Eating Disorders and Adolescents: Warning Signs for Parents

Beaumont Health

Eating Disorders and Adolescents: Warning Signs for Parents


Do you suspect your child has an unhealthy relationship with food? Eating disorders come in all shapes and sizes.

Jaime Taylor, D. O., director of Adolescent Medicine at Beaumont Children's, and her team see young patients with eating disorders, including anorexia nervosa, bulimia nervosa, binge eating and others. The most common is anorexia, with a median age of onset at 12 or 13.

Adolescence is a common time for eating disorders to begin. Typically, it's because that's a great time of change, specifically body change, for young women and young men.

Dr. Taylor suggest parents look for a few key warning signs if they suspect their child may have an eating disorder:

  • an increased anxiety around food
  • displays a change in behavior around meal times
  • is uncomfortable eating in a large group
  • weight loss
  • always wearing baggy, or oversized clothing
  • fear of becoming fat
  • mood changes: anxiety, depression.

Eating disorders do not discriminate.

"If you asked me to describe a typical eating disorder, I wouldn't be able to," says Dr. Taylor. "They look different on everyone. Also, if you think it’s just a problem that affects girls, think again. Boys can develop eating disorders, too."
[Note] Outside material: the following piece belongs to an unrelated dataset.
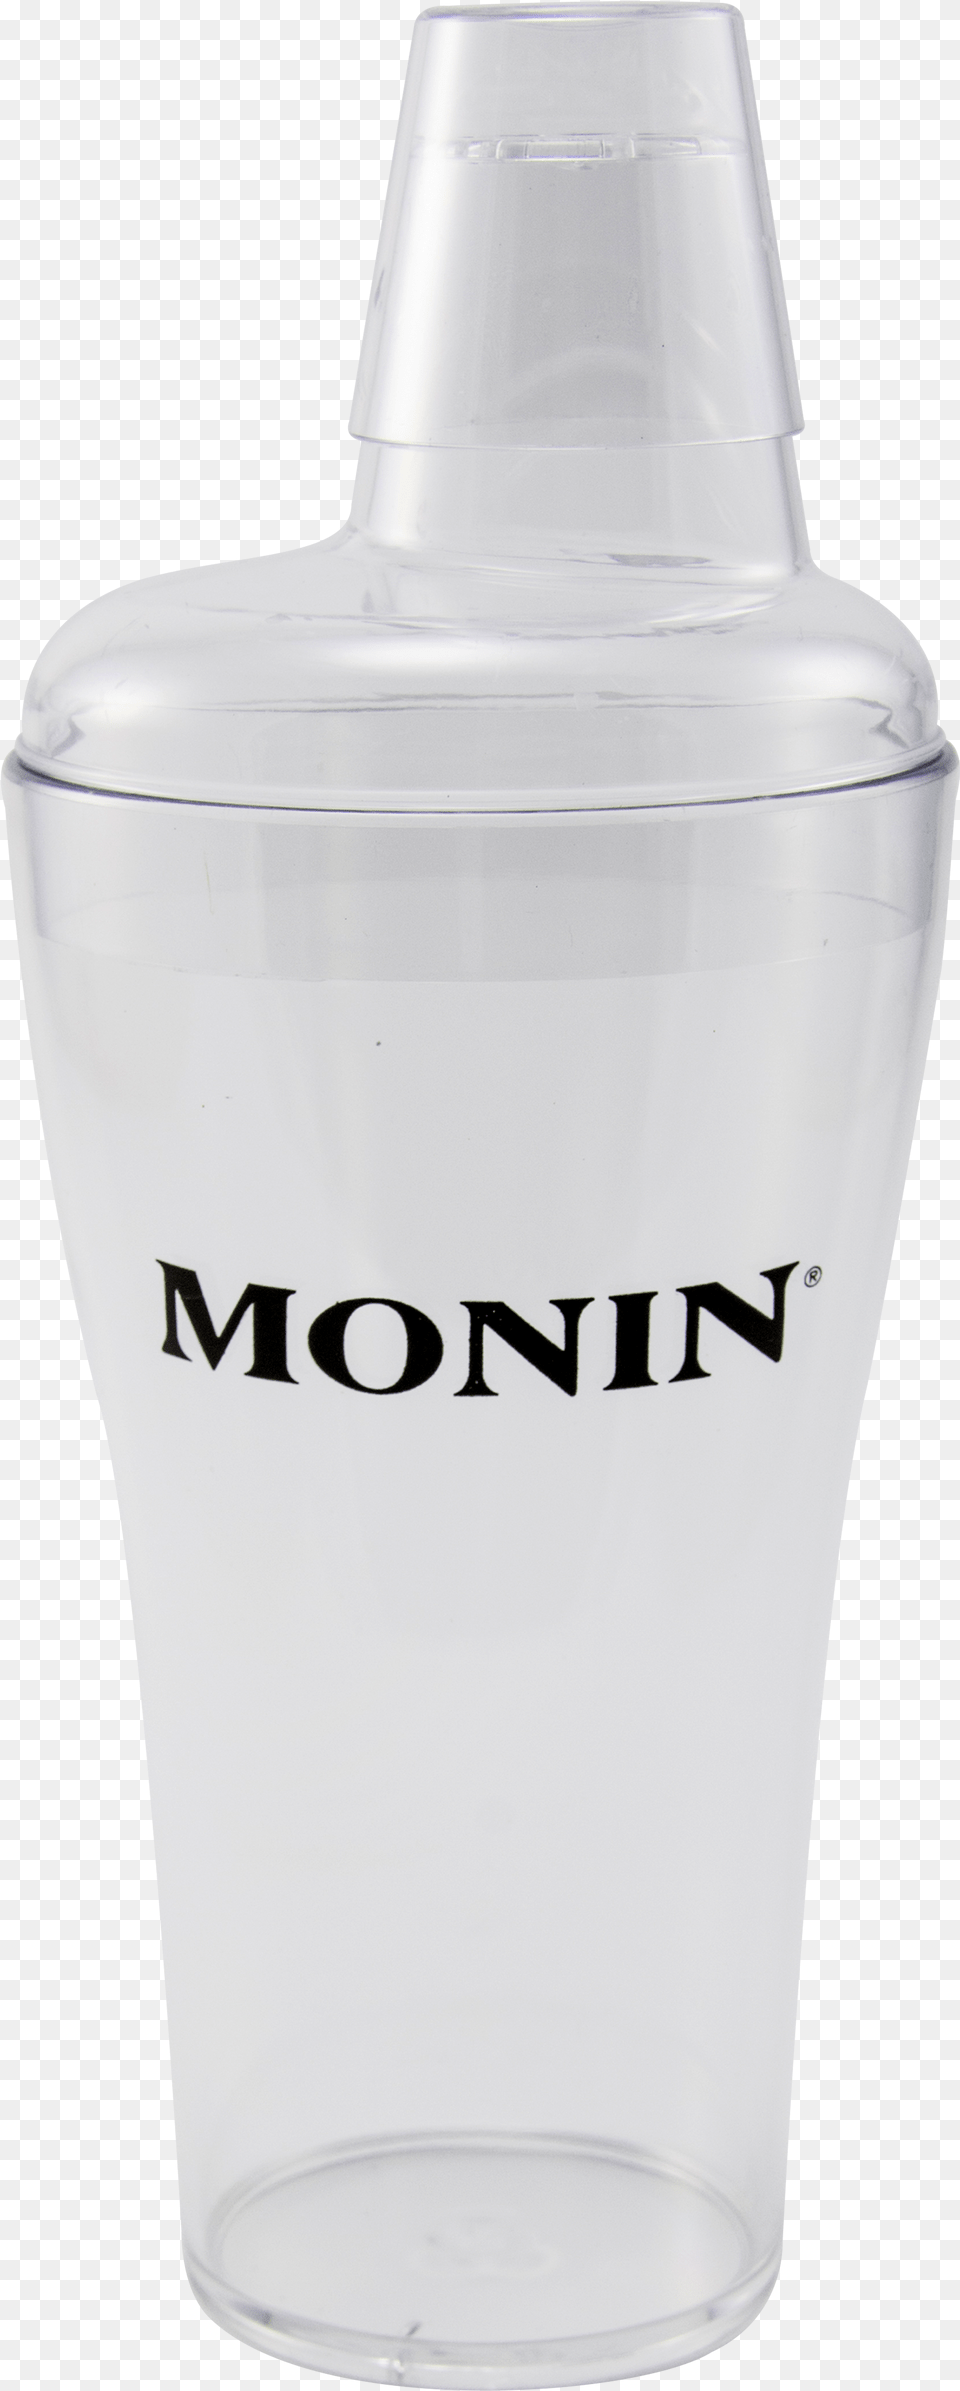 Clear Glass Monin, Bottle, Shaker Free Transparent Png

If you suspect an eating disorder, as a parent you need to tactfully communicate with your son or daughter and let them know you care. You might say, ‘I'm really concerned about the changes I've seen in your eating. I'm worried you're not feeding your body enough to continue to grow and develop the way you need to.’

Parents should contact their pediatrician to discuss their concerns. Eating disorders can be treated.

Focusing on on positive body image and teaching young people about media literacy leads to greater self-confidence and a decrease in likelihood to develop disordered eating.

If there's something that doesn't seem right about your child … and everybody else around you says, 'No, I think this is OK,' but you still have that nagging feeling, consult your physician. You know your child best.

Left untreated, eating disorders can lead to serious health issues.